*BRIEF*.
The listing below has to be output exactly as given, less its pictures.

*EXERCISE DATA*.
======
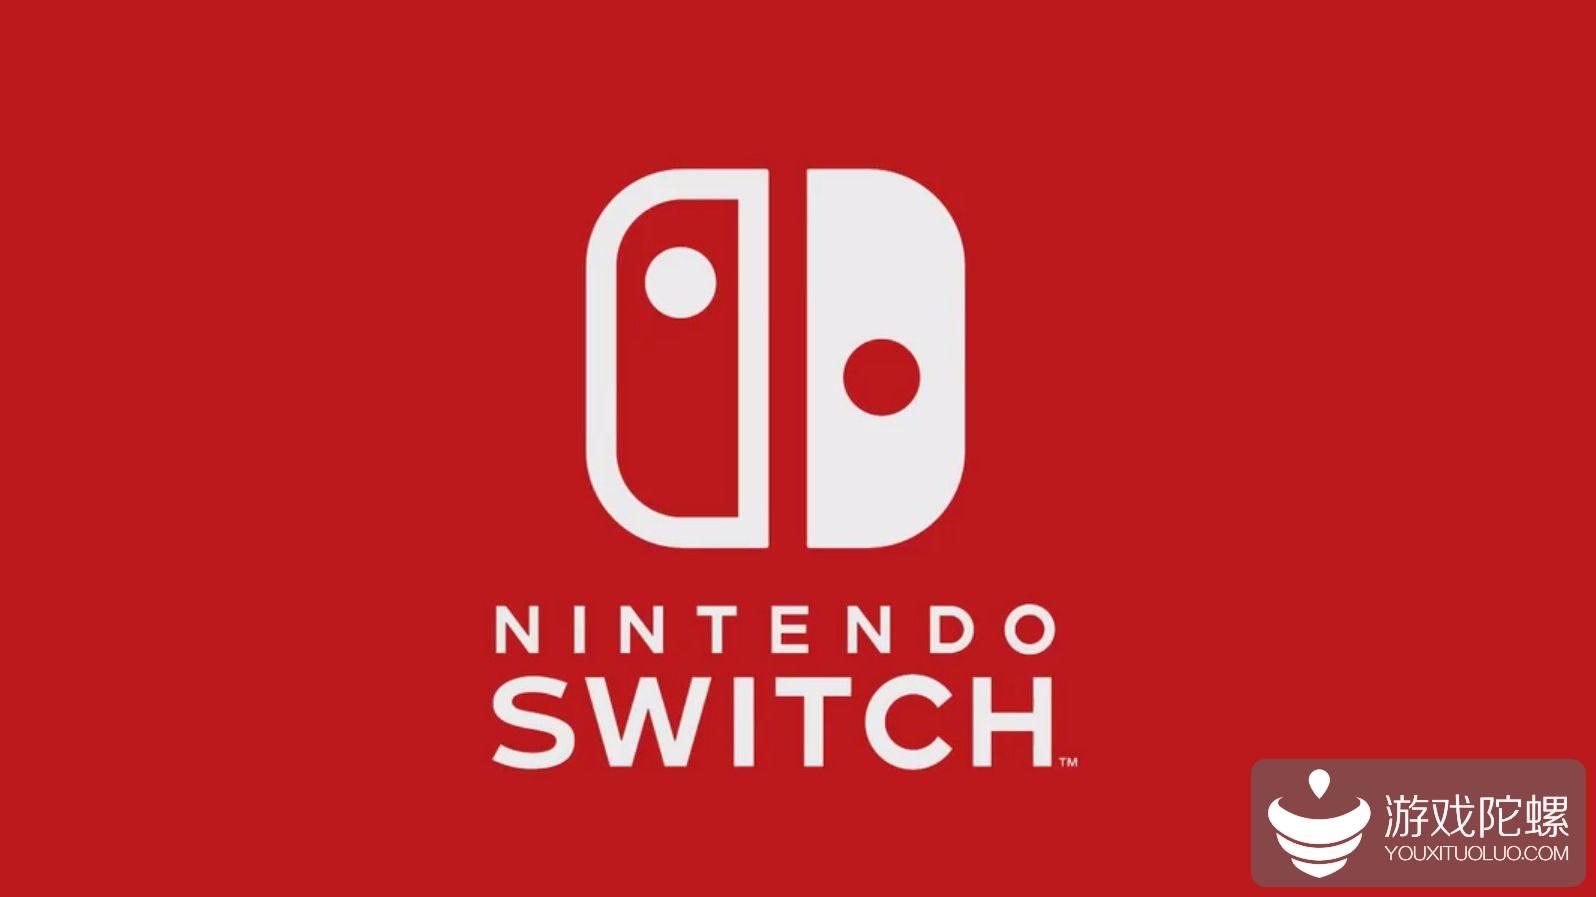 外媒:任天堂部分Switch生产线撤离中国,转移至东南亚
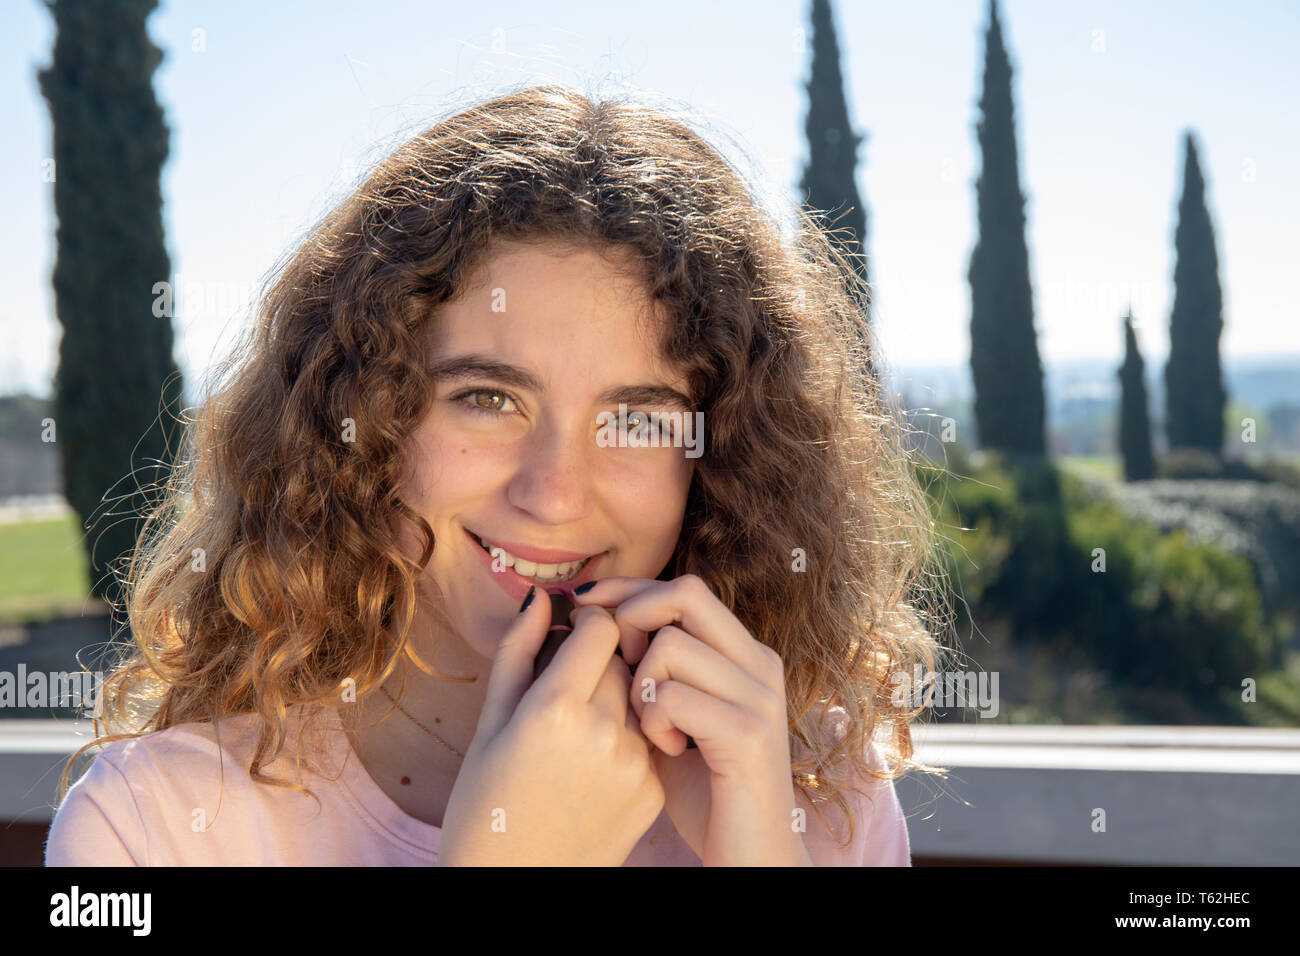 Portrait d'une pré-adolescente, posant dans un parc public sur un jour de printemps ensoleillé Photo Stock
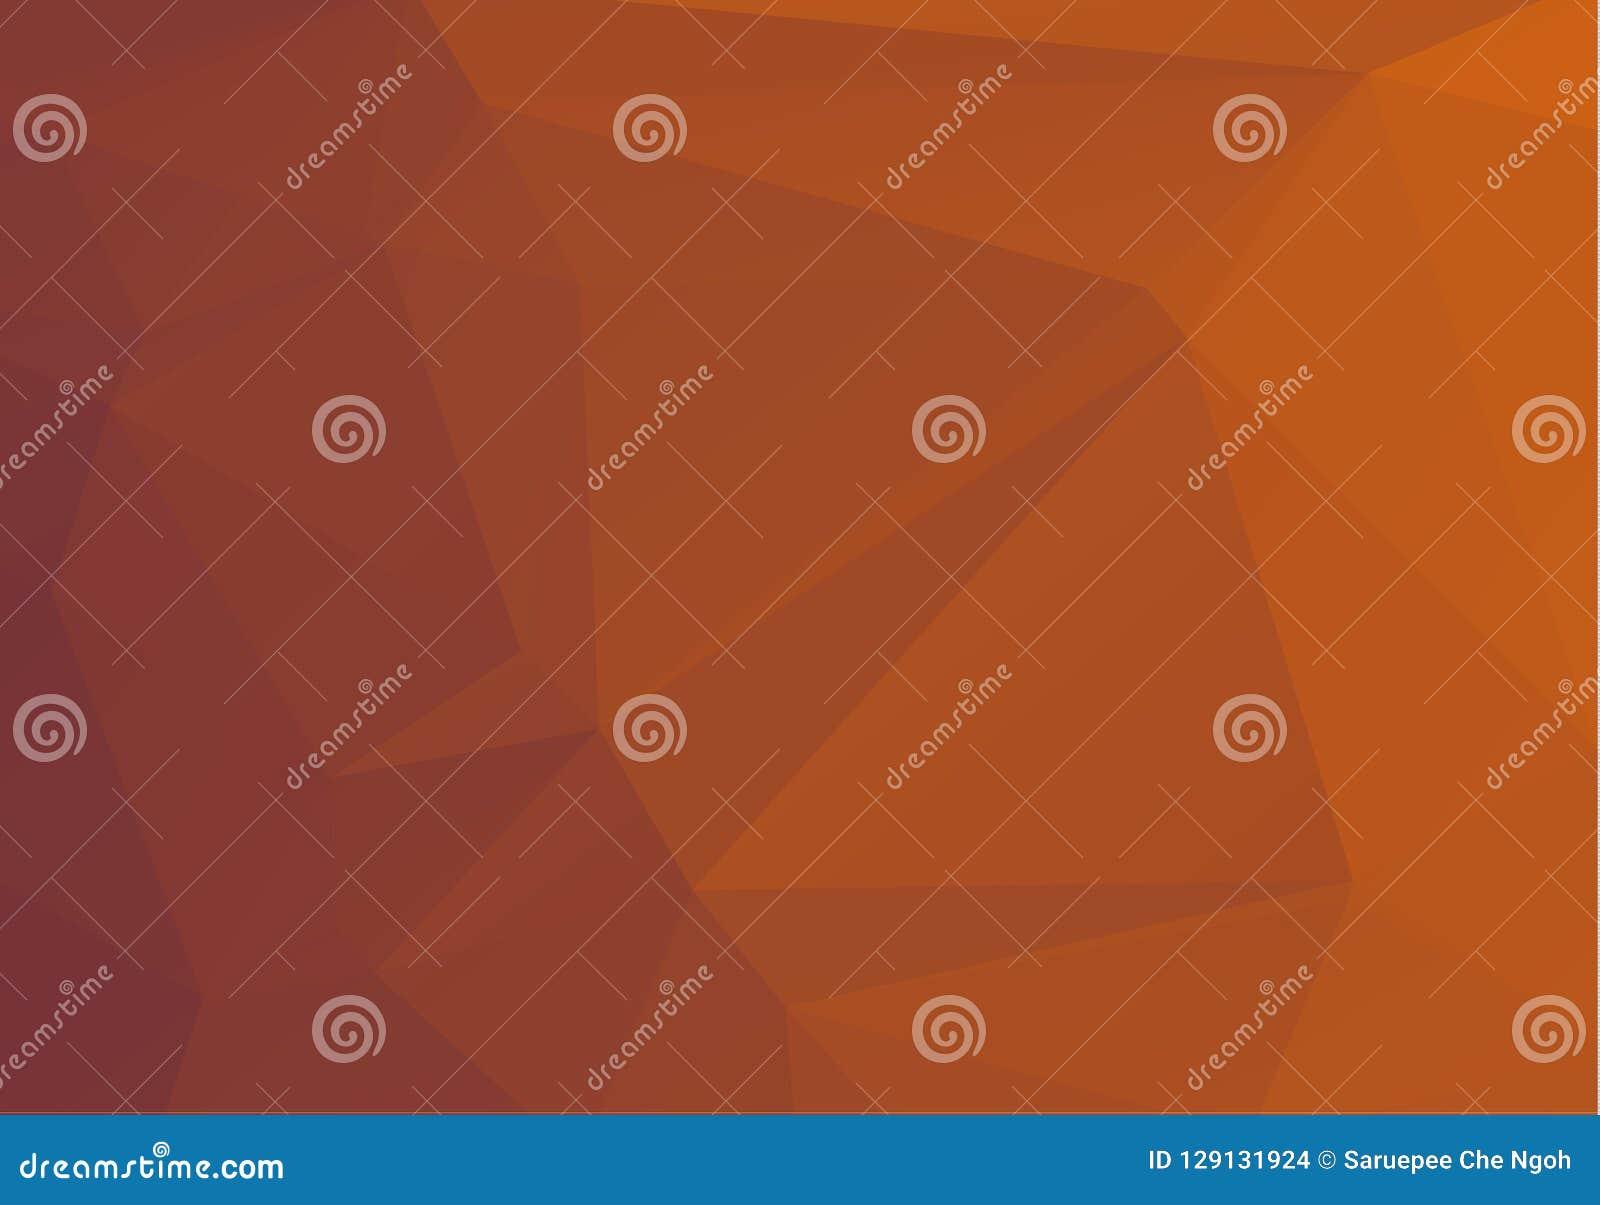 Modèle géométrique multicolore abstrait de gradient orange et brun Fond de triangles Abrégé sur polygonal trame pour votre concep
======
*YOUR RESPONSE*.
 外媒:任天堂部分Switch生产线撤离中国,转移至东南亚
 Portrait d'une pré-adolescente, posant dans un parc public sur un jour de printemps ensoleillé Photo Stock
 Modèle géométrique multicolore abstrait de gradient orange et brun Fond de triangles Abrégé sur polygonal trame pour votre concep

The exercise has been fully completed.